> [HOW TO COMPLETE THIS TASK]
The range to repeat runs from the line with "ИБП БАСТИОН SKAT-UPS" to the last line below, both ends included; give it exactly and without pictures.

> [SUPPLIED DATA]
• • • • • • •

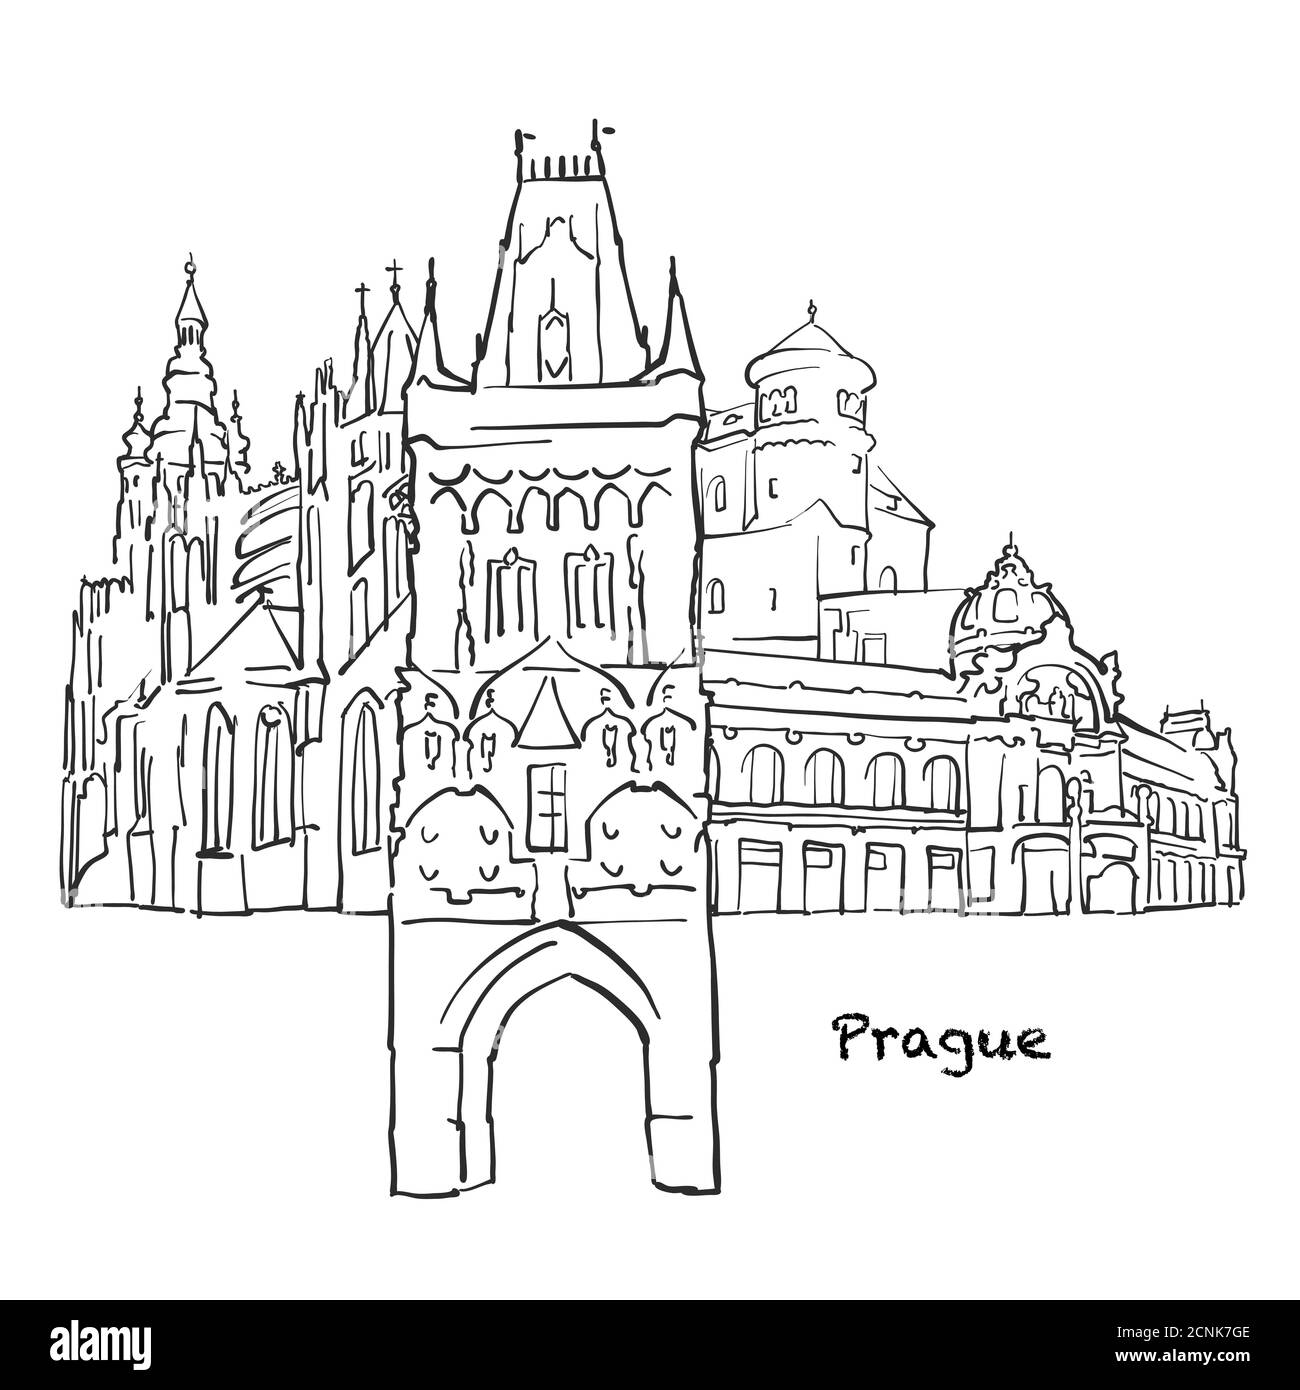 Berühmte Gebäude von Prag, Tschechische Republik Zusammensetzung. Handgezeichnete schwarz-weiße Vektorgrafik. Gruppierte und bewegliche Objekte. Stock Vektor
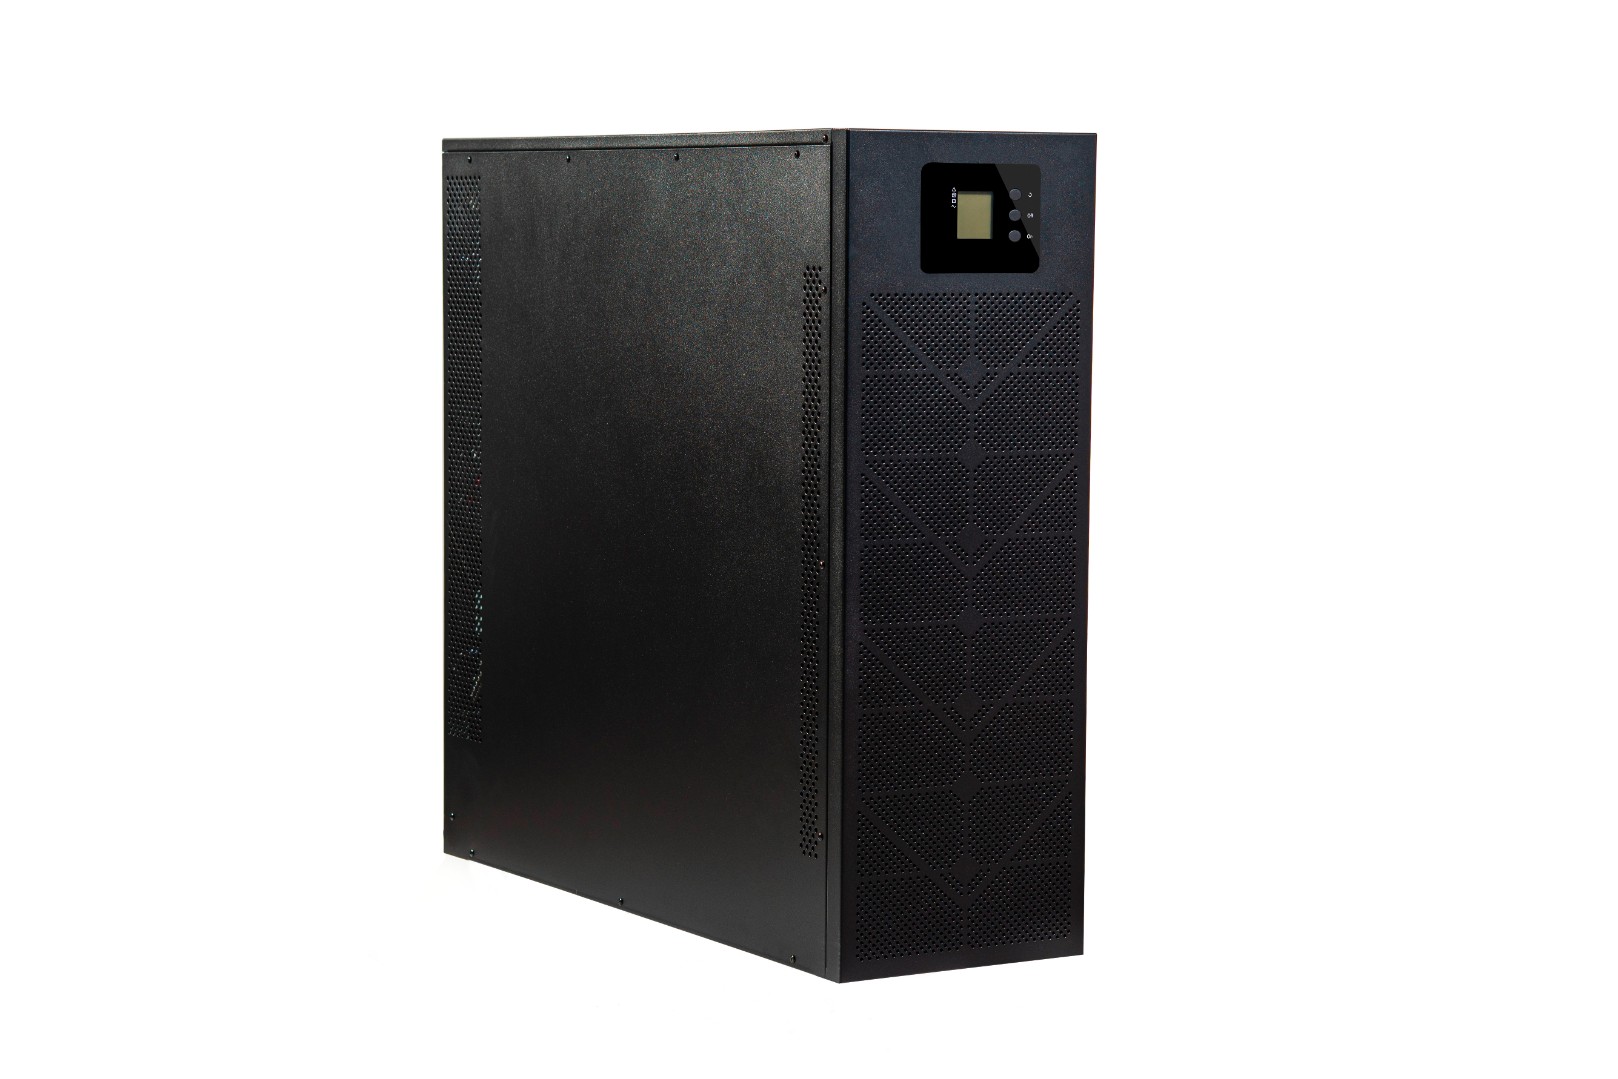 ИБП БАСТИОН SKAT-UPS 100-3/3, 100000 В·А, 100 кВт, клеммная колодка, USB, черный (8988)
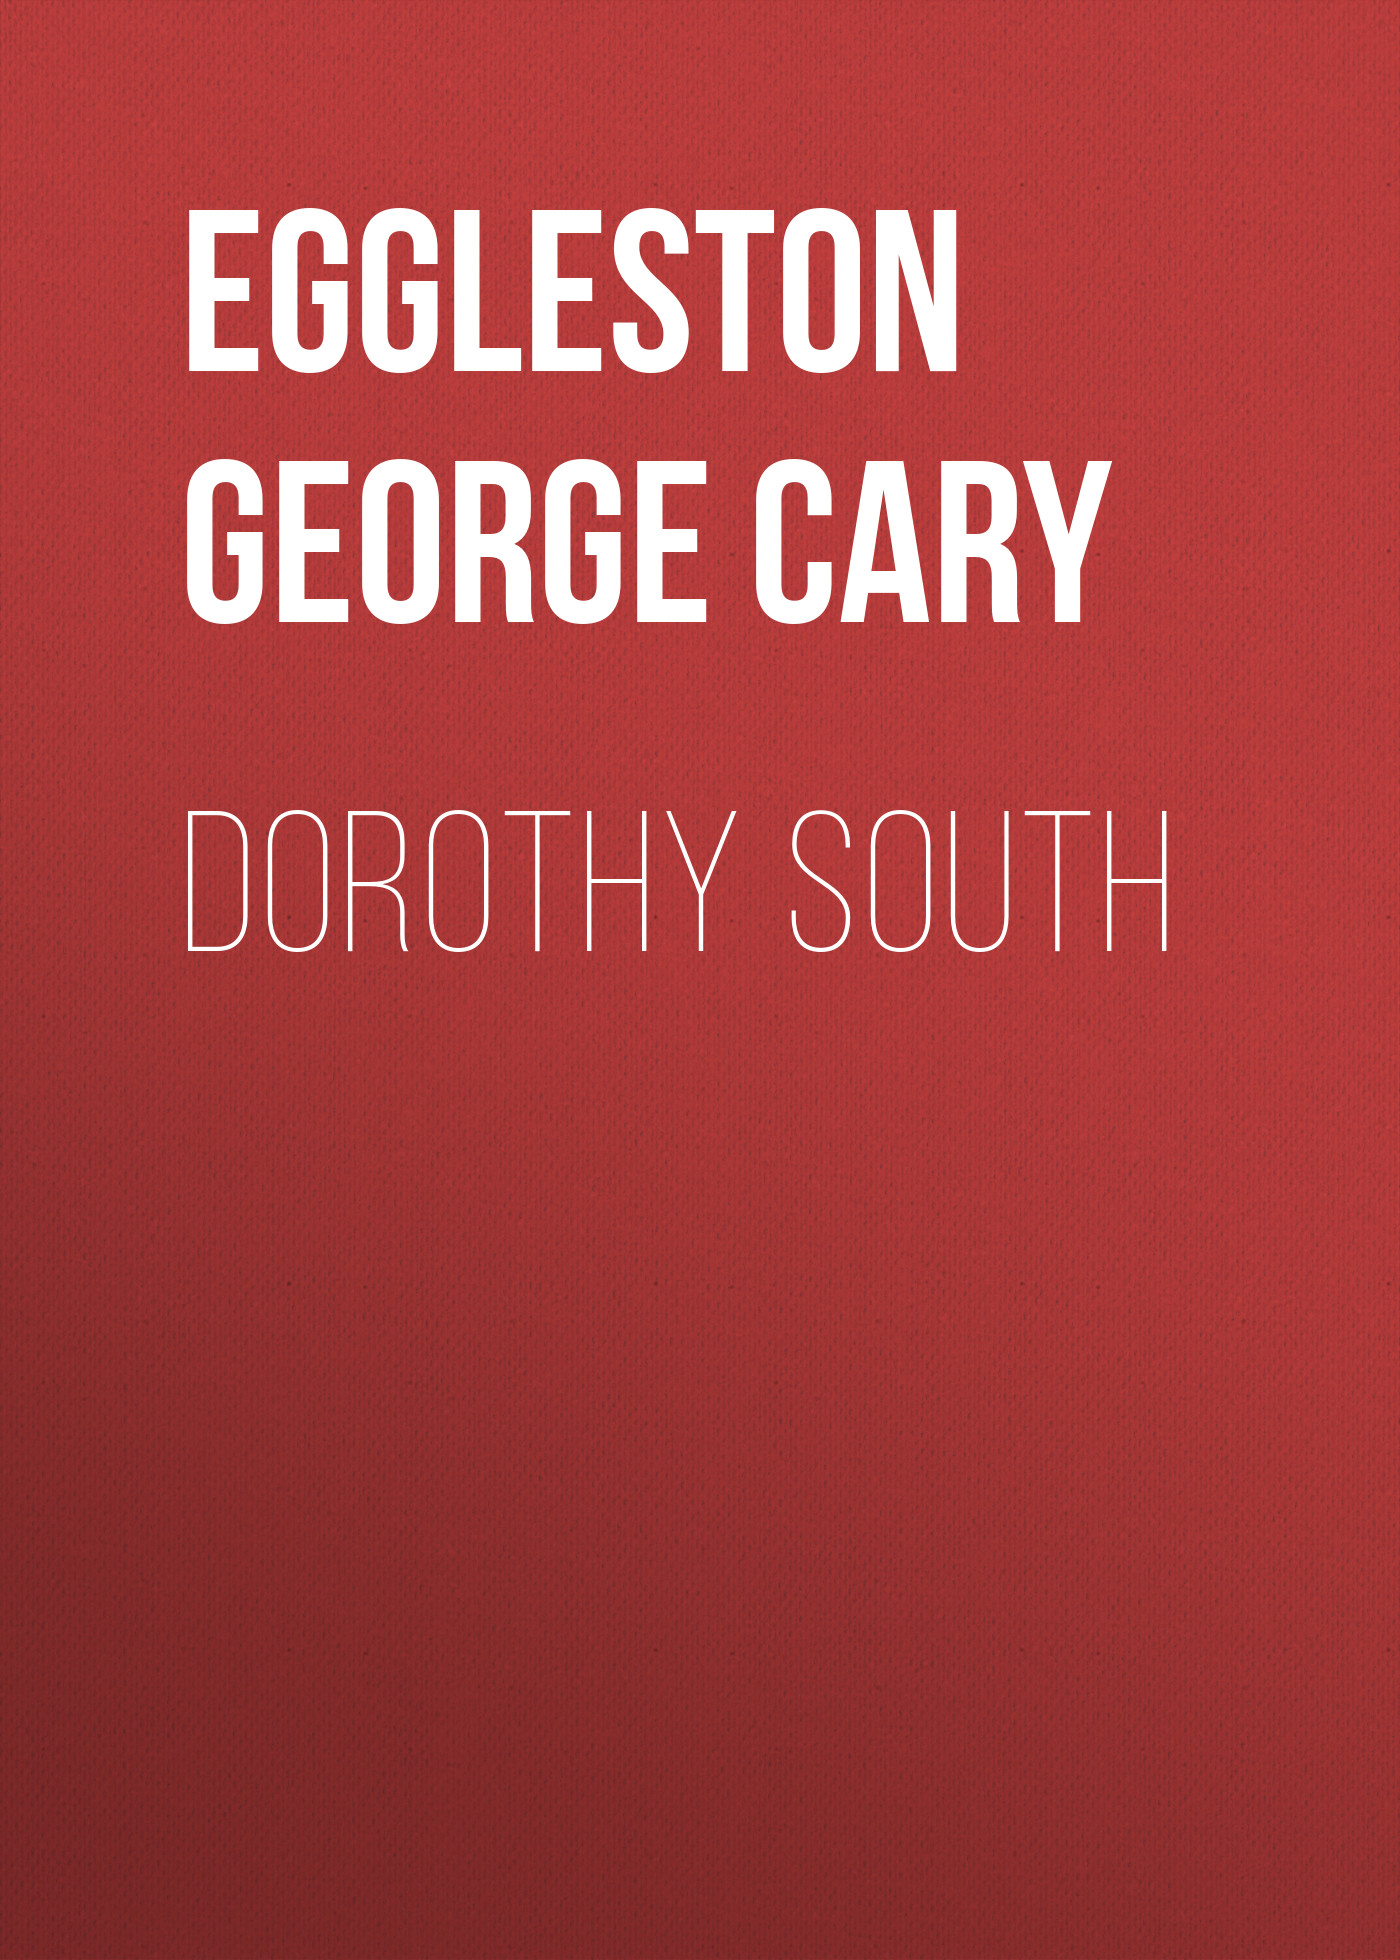 Книга Dorothy South из серии , созданная George Eggleston, может относится к жанру Зарубежная старинная литература, Зарубежная классика. Стоимость электронной книги Dorothy South с идентификатором 24714041 составляет 0 руб.

• • • • • • •

> [RESPONSE BOX]
 ИБП БАСТИОН SKAT-UPS 100-3/3, 100000 В·А, 100 кВт, клеммная колодка, USB, черный (8988)
 Книга Dorothy South из серии , созданная George Eggleston, может относится к жанру Зарубежная старинная литература, Зарубежная классика. Стоимость электронной книги Dorothy South с идентификатором 24714041 составляет 0 руб.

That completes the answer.